Changes PlannedPublic

Authored by steven.zhang on Feb 19 2019, 12:51 AM.

Download Raw Diff

Details

Reviewers

nemanjai
hfinkel
stefanp
jsji

Group Reviewers

Restricted Project

Summary

For now, we use instructions to calculate the address for the element of the global array. If that offset is too large(i.e. larger than 16 bit), we have to add extra instructions to do the calculation. i.e.

double attribute((visibility("hidden"))) b[2000000000];
double foo() { return b[4096] ; }
This is the code sequence we get now:

addis 3, 2, b@toc@ha
li 4, 0
addi 3, 3, b@toc@l
ori 4, 4, 32768
lfdx 1, 4, 3

Because 32768 is not 16-bit constant, we have to use the X-form load to load the address of b[4096]. This patch is trying to leverage the addend in the relocation to do the address calculation.
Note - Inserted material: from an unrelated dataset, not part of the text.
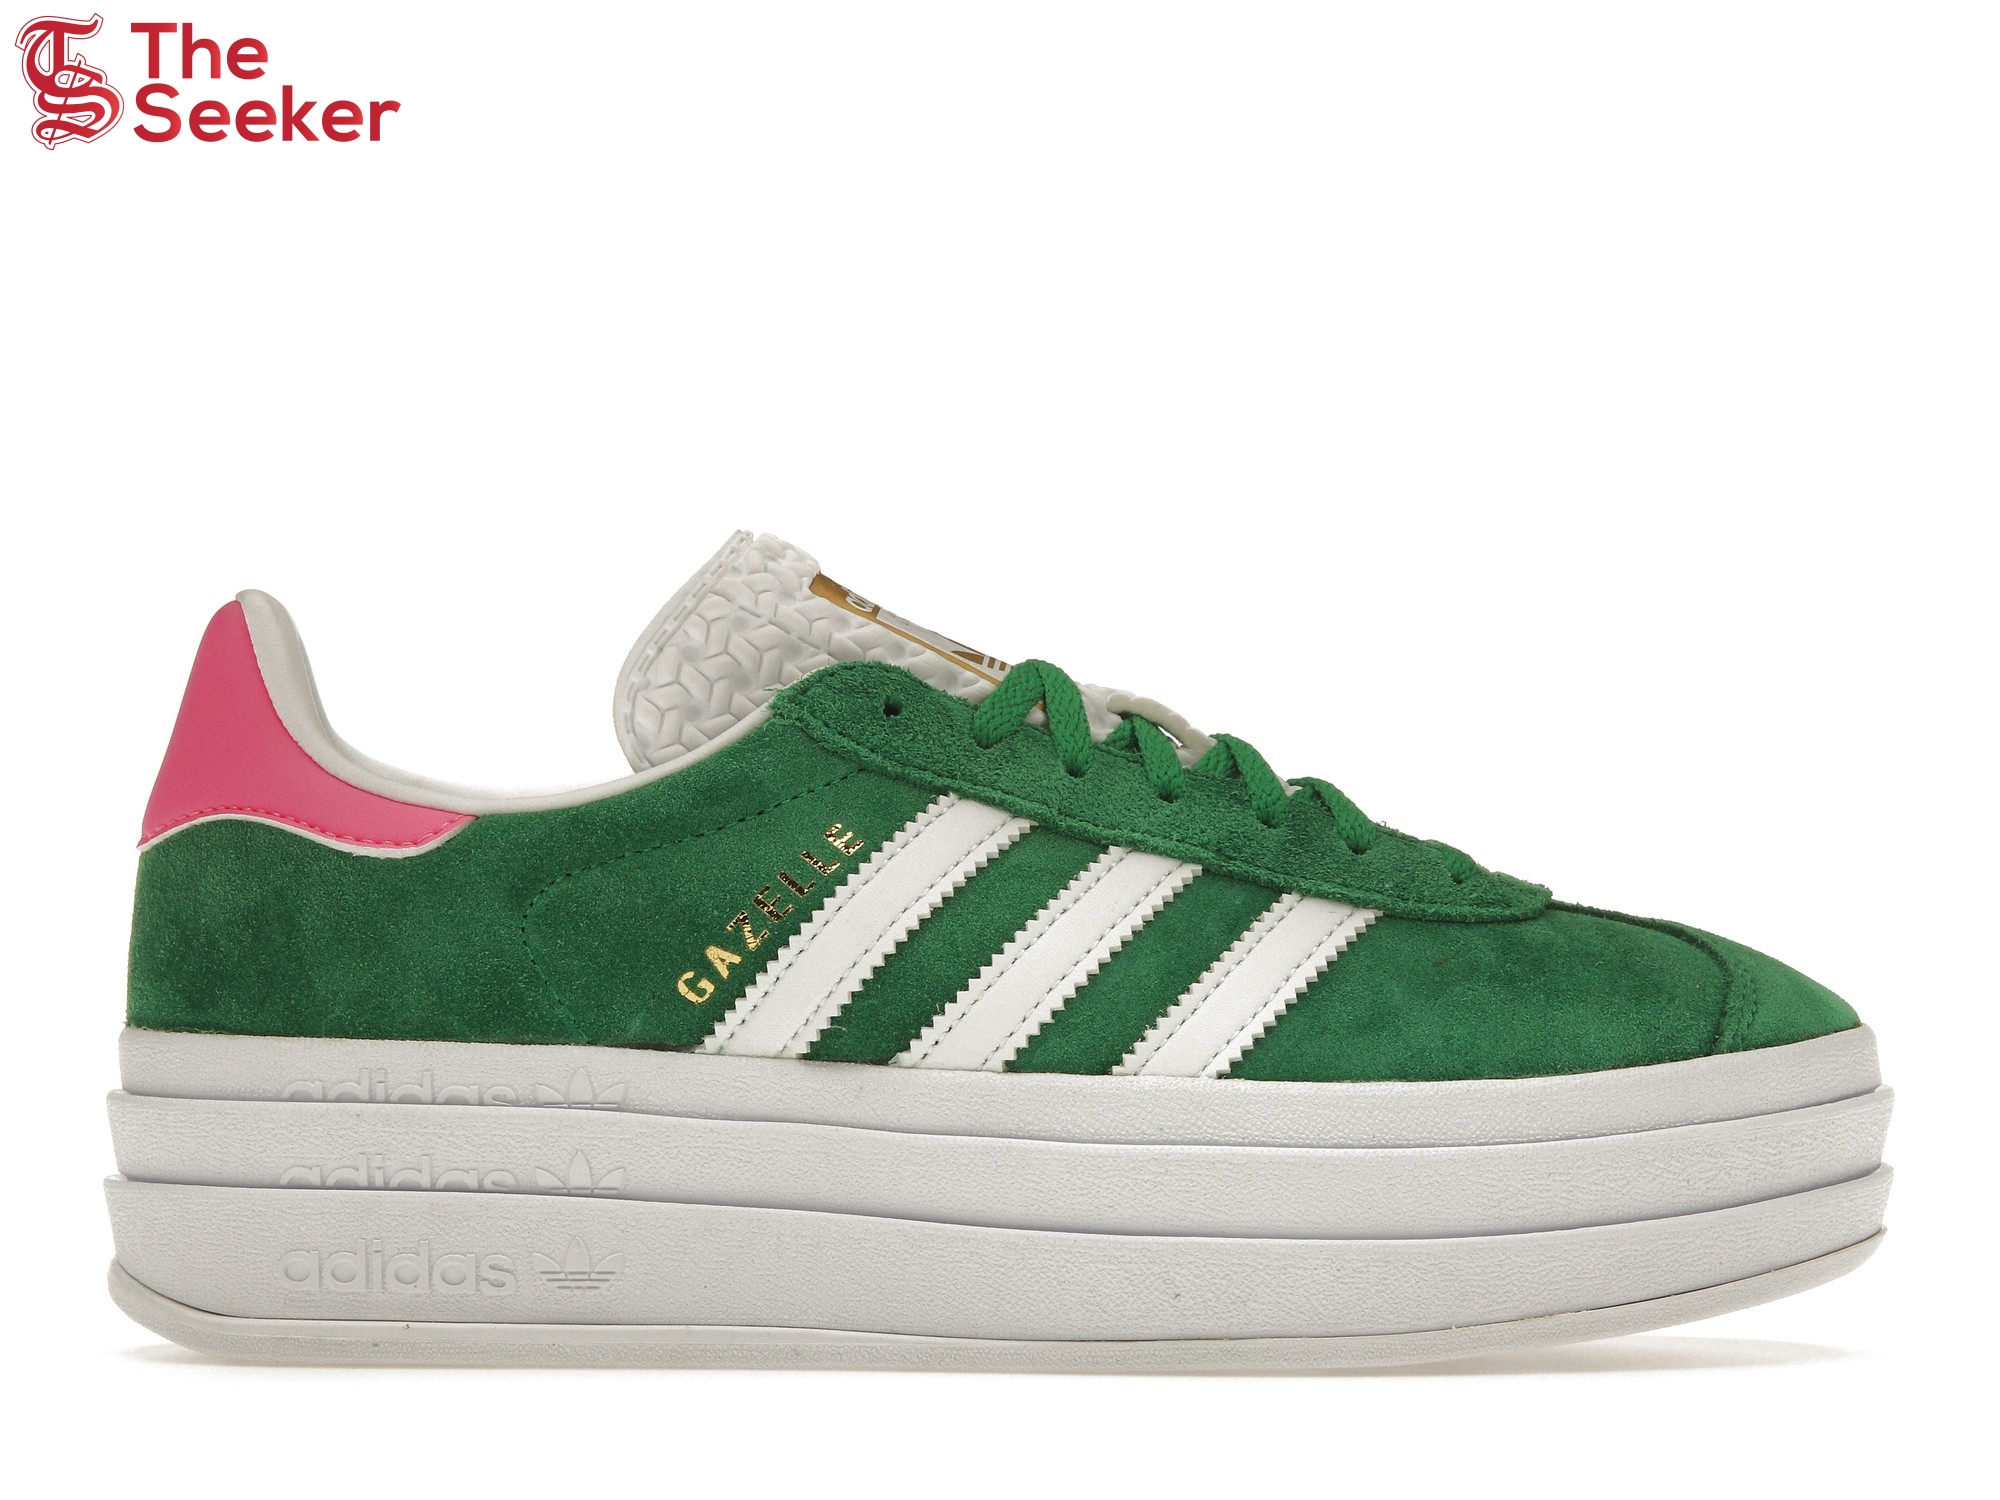 adidas Gazelle Bold Green Lucid Pink (Women's)

This is the new instruction sequence we want to produce:

addis 3, 2, b@toc@ha+32768
lfd 1, b@toc@l+32768(3)
blr

Notice that, as this transformation will take up one extra TOC entry(b+32768), we only do this if the offset is larger than 16 bit and smaller than 32bit.

Diff Detail

Event Timeline

steven.zhang created this revision.Feb 19 2019, 12:51 AM

Herald added a project: Restricted Project. · View Herald TranscriptFeb 19 2019, 12:51 AM

Herald added subscribers: jdoerfert, kbarton, hiraditya. · View Herald Transcript

nemanjai added inline comments.Feb 19 2019, 7:35 AM

llvm/lib/Target/PowerPC/PPCISelDAGToDAG.cpp
6583	It is not clear to me how we ensure `Offset` fits into a signed 16-bit immediate.
llvm/lib/Target/PowerPC/PPCISelLowering.cpp
15489	Line too long. If you are using Vim, you can run clang-format within the editor with something like: `:14506,14560 !clang-format` as long as you have `clang-format` in your `$PATH`.
15490	s/platform/platforms
15504	Is this actually needed? There is not canonical form (with the constant being the second operand)?
15541	Why do we need this? Wouldn't this always be the case? The ELFv2 ABI has no support for 32-bit addressing so why is it that we need this? Could it not just be an assert?

This can cause relocation overflows:

$ cat b.c 
double b[1LU << 33];
double foo() { return b[(1LU << _SH) - 1] ; }
void setfoo(double d) { b[(1LU << _SH) - 1] = d; }

$ cat main.c 
double foo();
void setfoo(double);
int main(void) {
  setfoo(445.2);
  return foo() == 445.2;
}

$ clang -O2 b.c main.c -D_SH=28
/tmp/b-9d97be.o: In function `foo':
b.c:(.text+0x8): relocation truncated to fit: R_PPC64_TOC16_HA against symbol `b' defined in COMMON section in /tmp/b-9d97be.o+7ffffff8
/tmp/b-9d97be.o: In function `setfoo':
b.c:(.text+0x28): relocation truncated to fit: R_PPC64_TOC16_HA against symbol `b' defined in COMMON section in /tmp/b-9d97be.o+7ffffff8
clang-9: error: linker command failed with exit code 1 (use -v to see invocation)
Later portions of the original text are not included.